### Instructions to follow:
For this exercise, write out the full listing that follows exactly and skip its pictures.

### Supplied material:
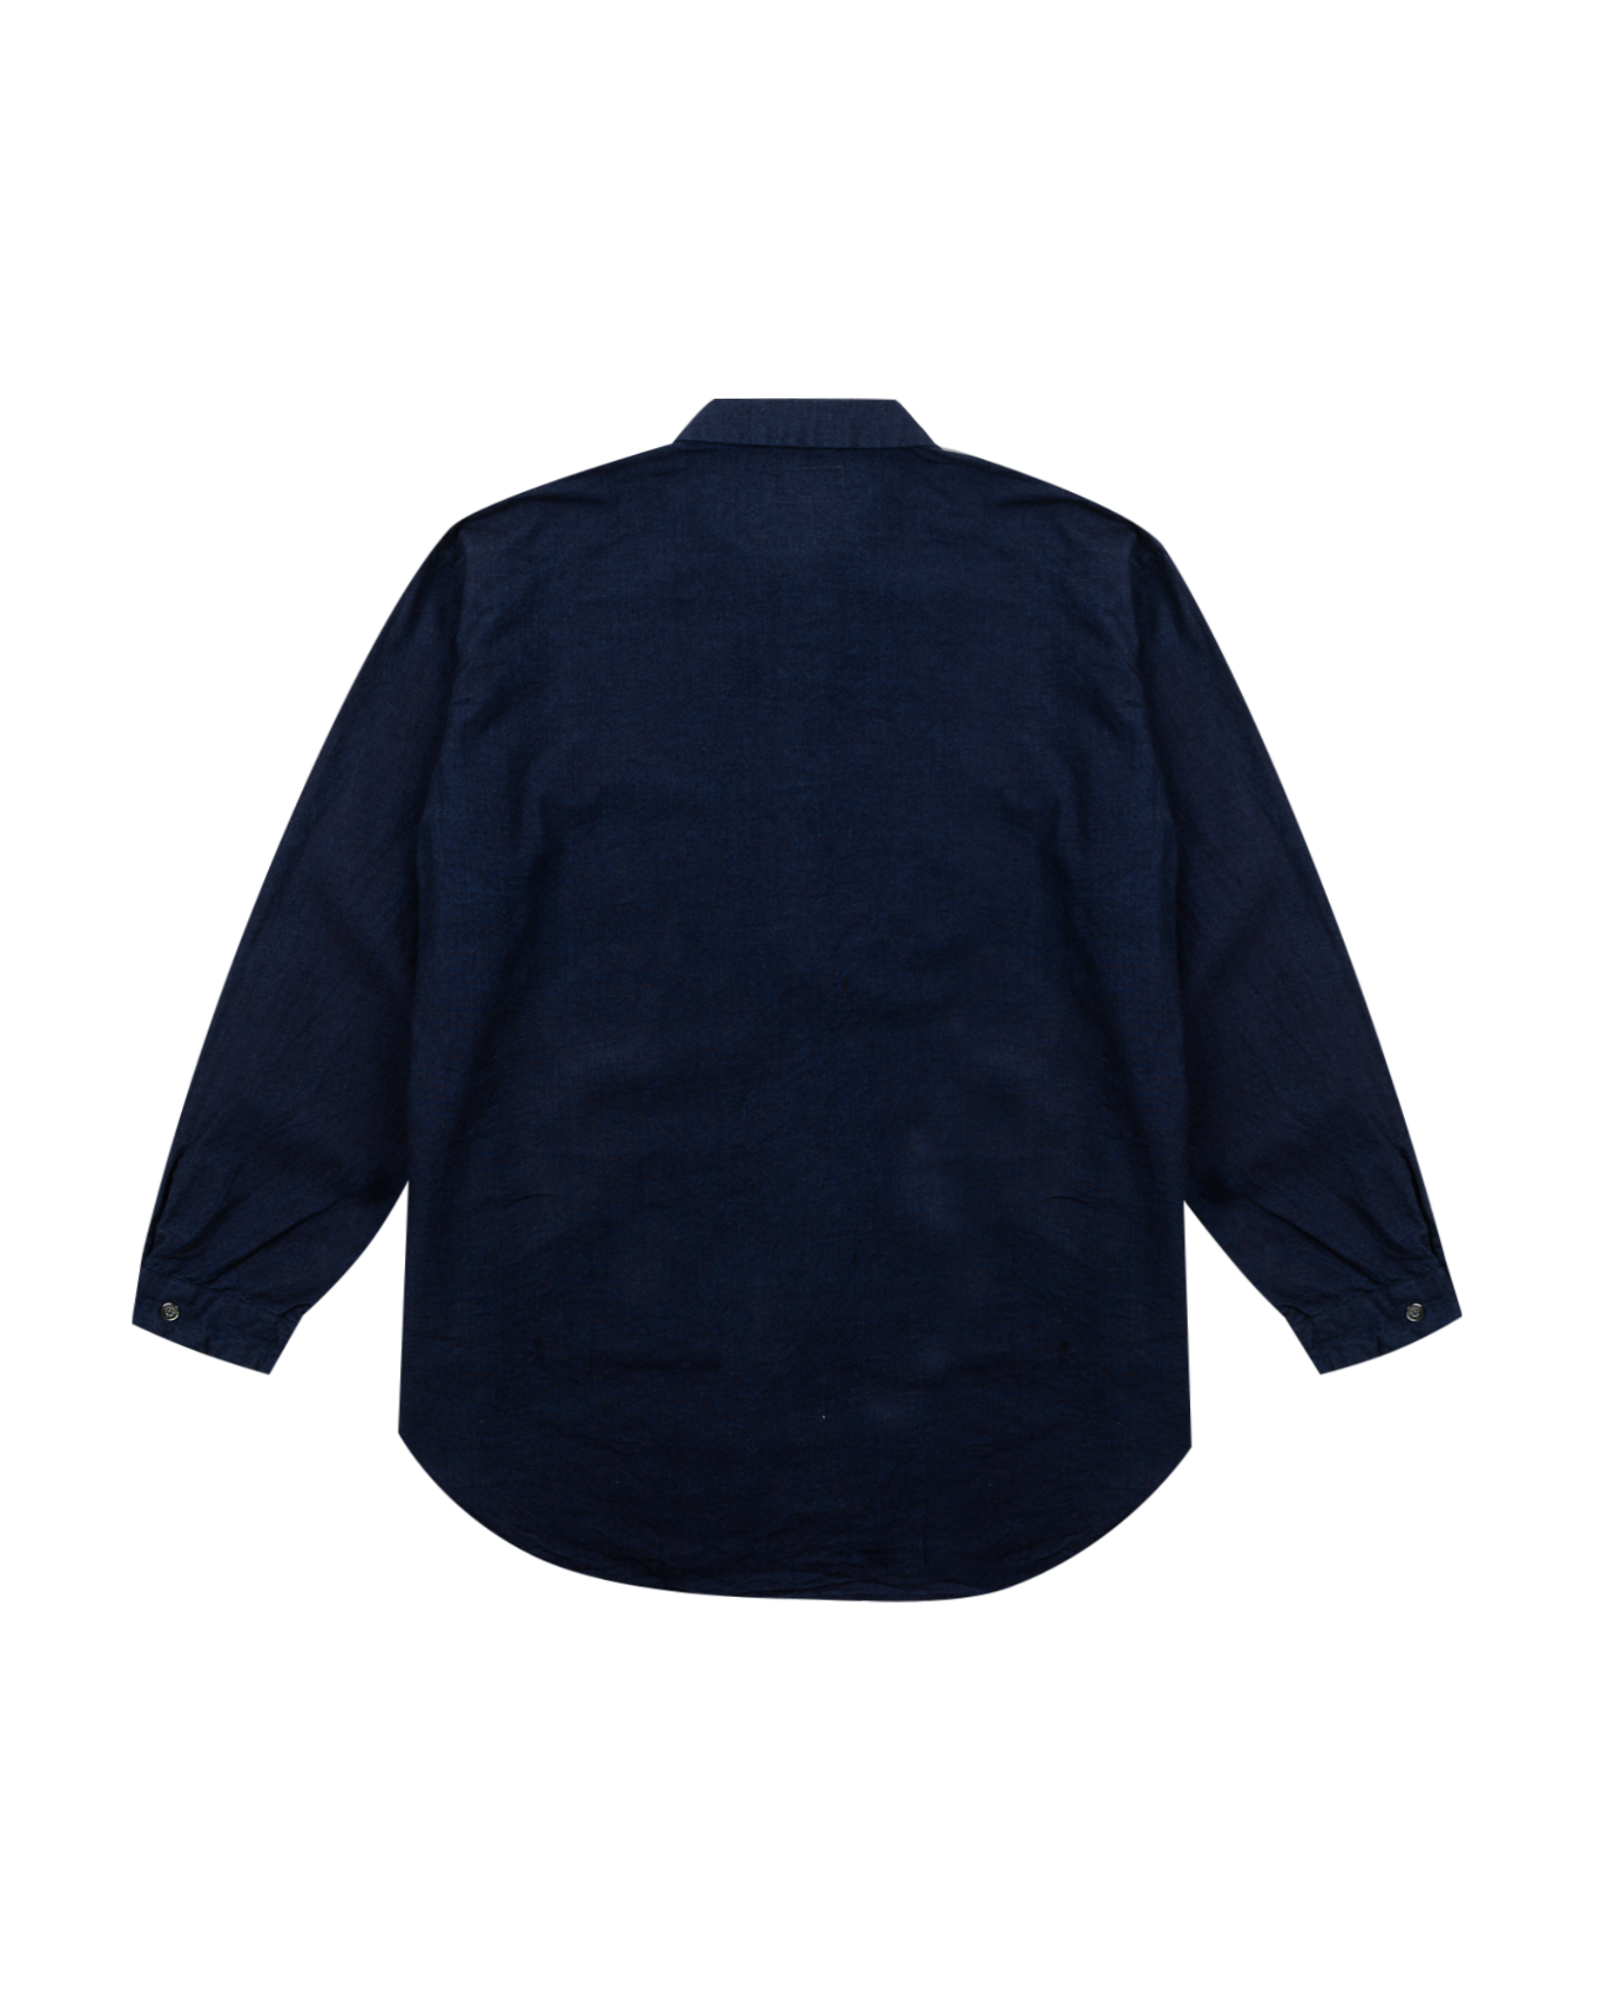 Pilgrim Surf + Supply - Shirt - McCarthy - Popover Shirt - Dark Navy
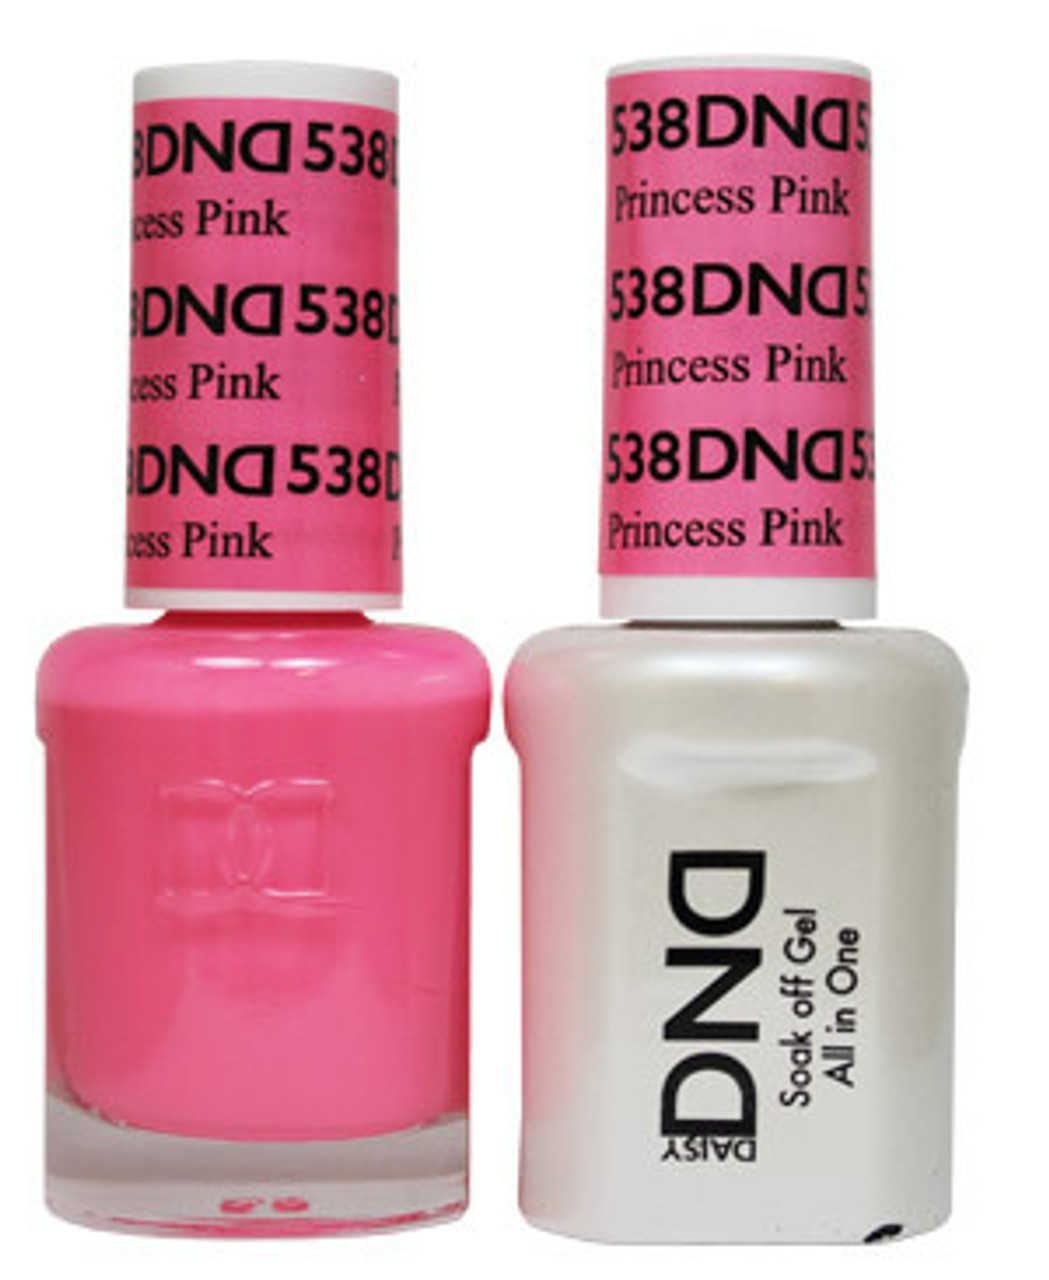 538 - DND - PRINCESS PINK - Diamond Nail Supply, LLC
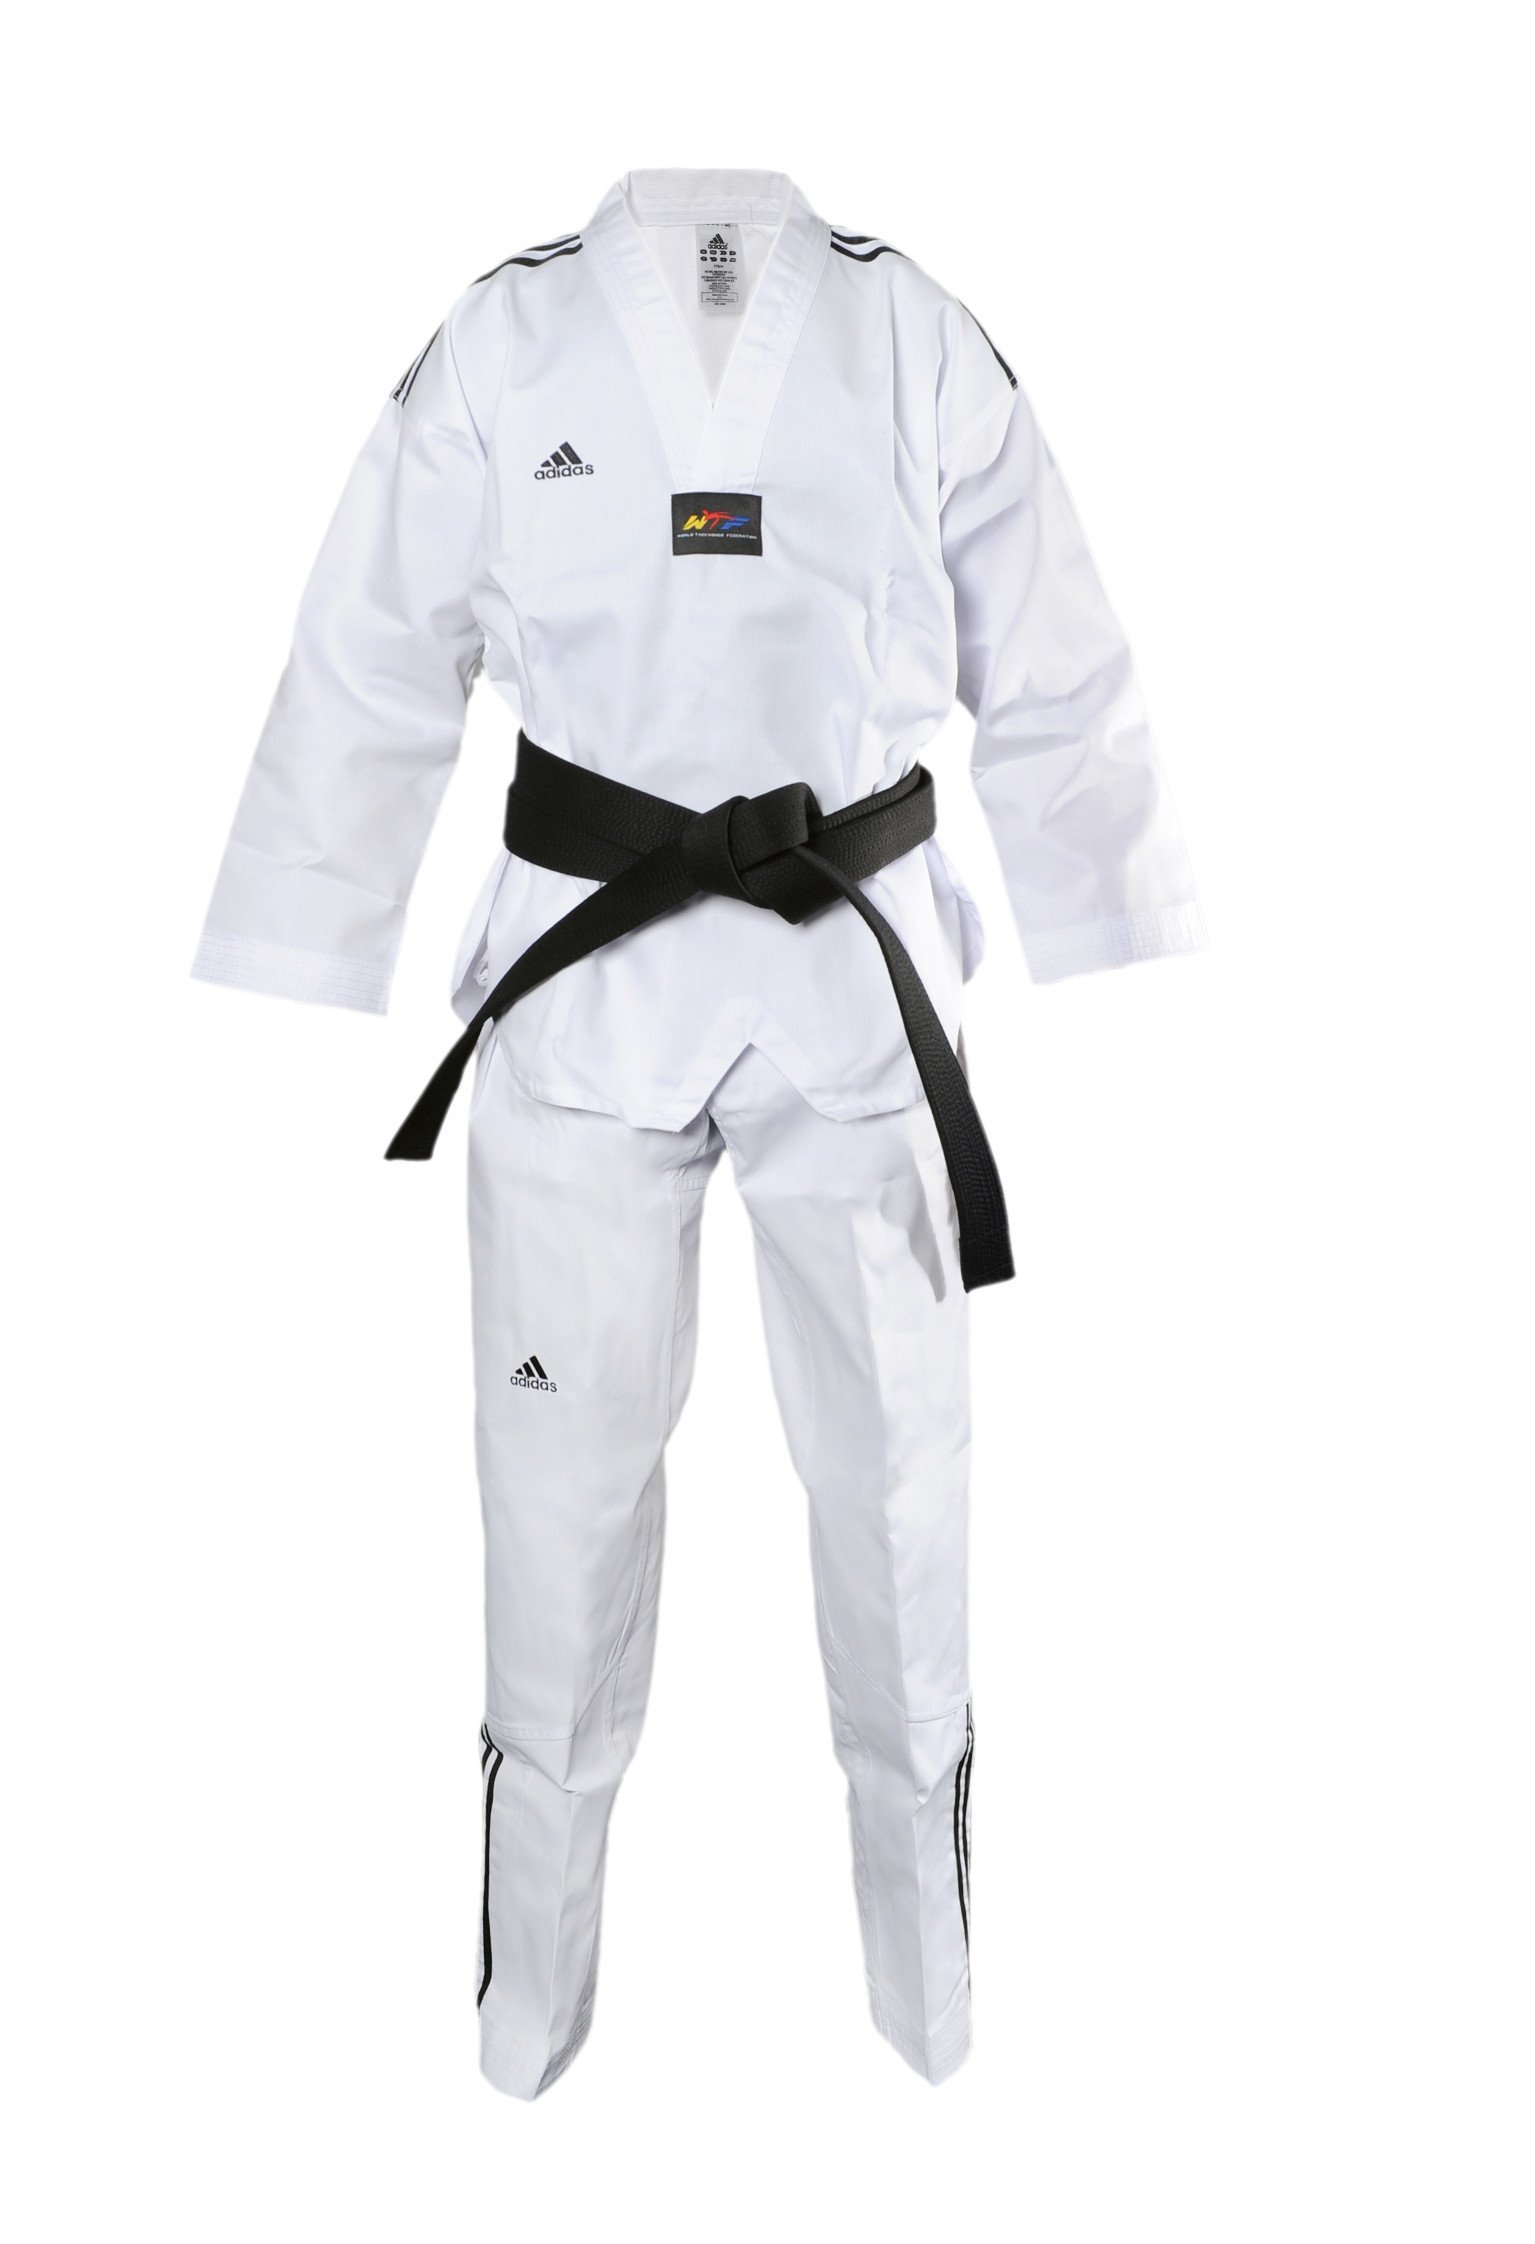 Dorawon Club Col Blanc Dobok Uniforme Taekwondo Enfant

### Completed task:
 Pilgrim Surf + Supply - Shirt - McCarthy - Popover Shirt - Dark Navy
 538 - DND - PRINCESS PINK - Diamond Nail Supply, LLC
 Dorawon Club Col Blanc Dobok Uniforme Taekwondo Enfant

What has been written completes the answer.